Depuis quelques mois, je lis presque religieusement des blogs littéraires d’aspirants auteurs, pour la plupart Français, qui racontent leur cheminement à travers le monde de l’édition, leurs espoirs déçus, leurs combats. L’un des plus connus selon moi est celui de Wrath (dans mes liens) une jeune parisienne de 25 ans vivant à Londres et qui après avoir failli publier son premier roman s’est mis en tête que le milieu de l’édition parisienne (je dis parisienne parce qu’il y a deux niveaux en France, les maisons à Paris et celles ailleurs, et même à Paris, il y a encore plusieurs niveaux) était complètement pourri, et qu’il était impossible de publier sans connaitre les bonnes personnes.
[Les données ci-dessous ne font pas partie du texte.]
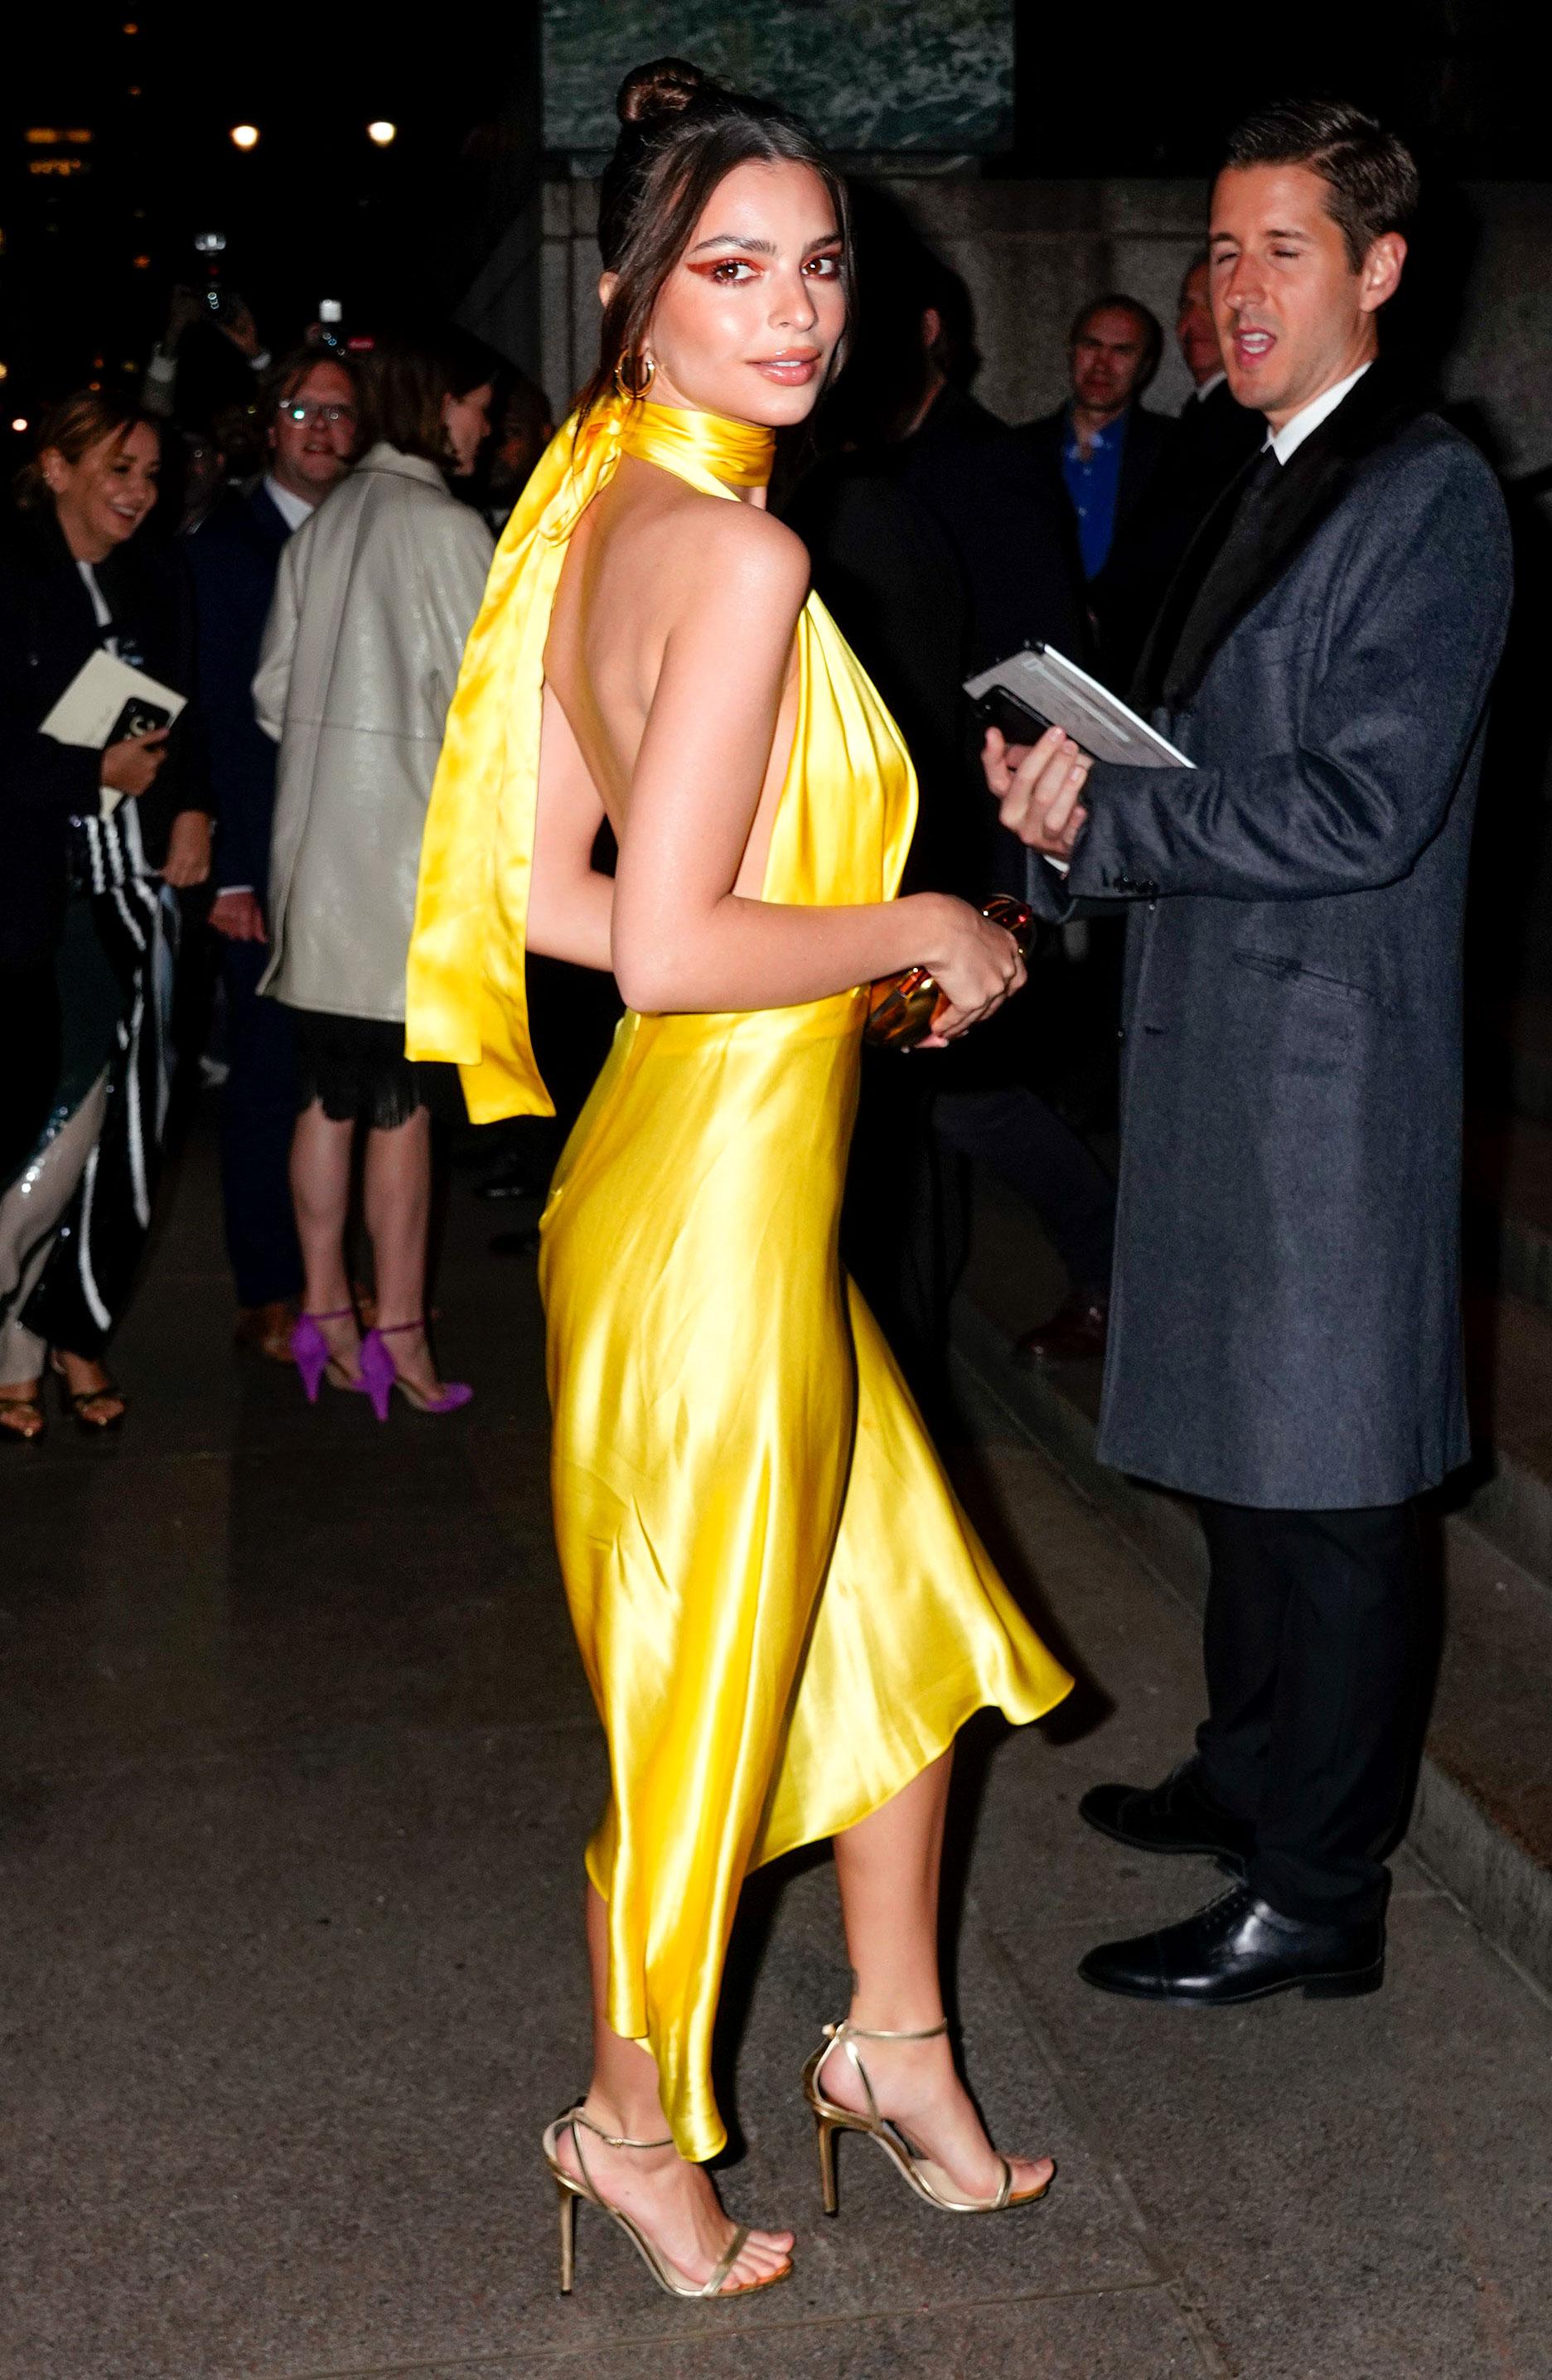 Marc-Jacob-and-Char-DeFrancesco-wedding-reception Emily Ratajkowski - Ratajkowski rocked a vibrant yellow dress for the occasion.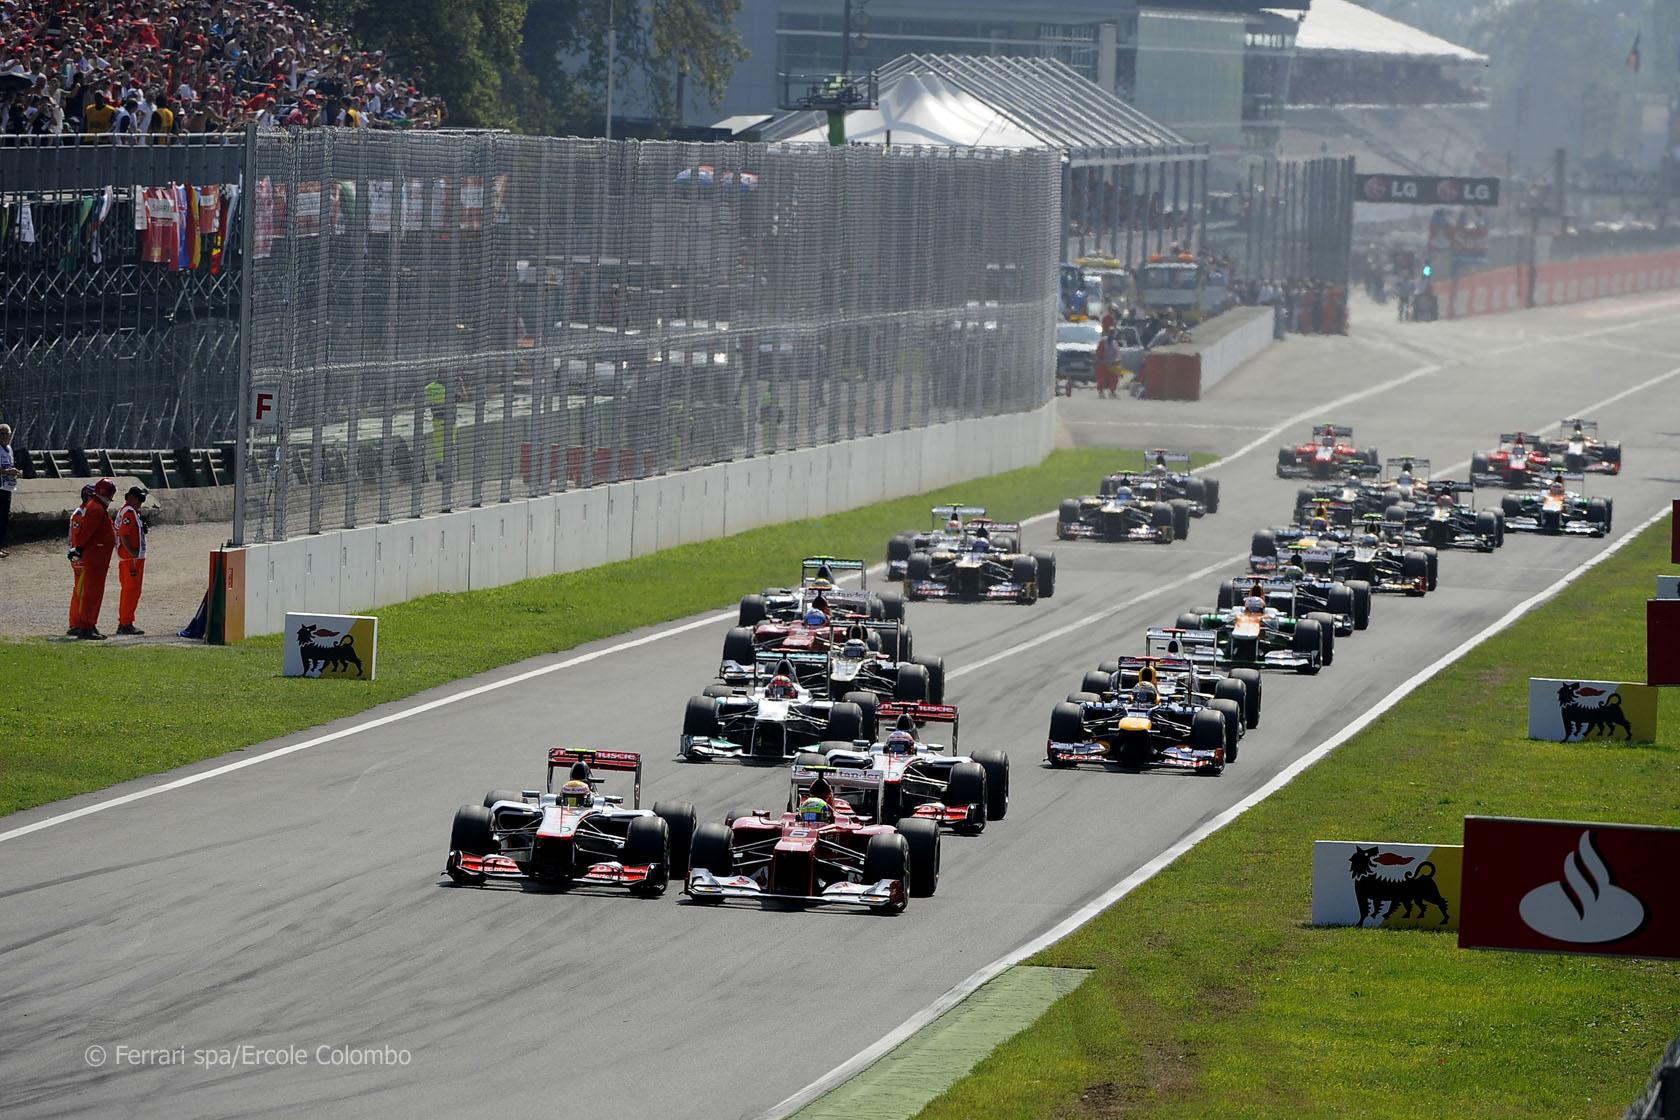 Monza Circuit Could Lose the Italian Grand Prix - GTspirit

Je ne la rejoins pas sur tout et son acharnement sur les auteurs publiés qu’elle interviewe en podcasts pour leur faire avouer qu’ils n’ont pas envoyé leur manuscrit par la poste est assez ridicule mais elle a le mérite de dénoncer certaines pratiques et de réveiller certains idéalistes, comme moi.
Avant d’en apprendre un peu plus sur ce milieu, je pensais sincèrement que seul comptait la qualité d’un manuscrit, qu’ils étaient tous lus et que le réseau n’était pas si important. Je me fais sourire des fois devant ma naïveté. Alors que c’est comme partout, se faire recommander c’est plus facile, et surtout dans le milieu artistique. Boréal a la réputation de ne publier que sur recommandations et Rafaëlle Germain le reconnaît elle-même, si elle n’était pas la fille de… elle ne serait pas PARTOUT en ce moment. Ça n’enlève rien à ses qualités réelles d’écrivain, j’ai moins aimé son deuxième roman mais elle sait écrire et son premier livre restera un de mes coups de coeur à vie, j’ai d’ailleurs hâte de voir combien de semaines elle va rester en tête des palmarès de ventes.
Bref, tout ça pour dire que bien des aspirants auteurs (allez appelons-nous des AA, tant pis si c’est déjà pris) devraient se réveiller, certains me font de la peine quand ils racontent qu’ils ont envoyé leurs romans chez Gallimard. Gallimard, c’est la maison la plus prestigieuse de la francophonie, on se réveille, quand on habite au Québec et qu’on connait personne, on a une chance sur 100 000 de se faire publier là-bas. Et encore, peut-être bien une sur un million. Pourquoi vouloir s’attaquer aux lions dès le début ? Ah l’égo de l’écrivain.
Le monde a ses règles, en France il parait que 500 familles dirigent toutes les sphères, artistiques, finances, politiques et autres et que les fils et filles de… prennent la relève, en gros la monarchie a encore de longues heures devant elles. Que faire ? Dénoncer violemment le système comme Wrath ? Apprendre les règles du jeu et jouer ? Un réseau ça se bâtit.
J’hésite encore, peut-être que quand j’en aurais à mon actif une vingtaine de lettres de refus, j’aurais envie de tuer tout le monde et que je m’en prendrais violemment au système, pour l’instant, j’observe.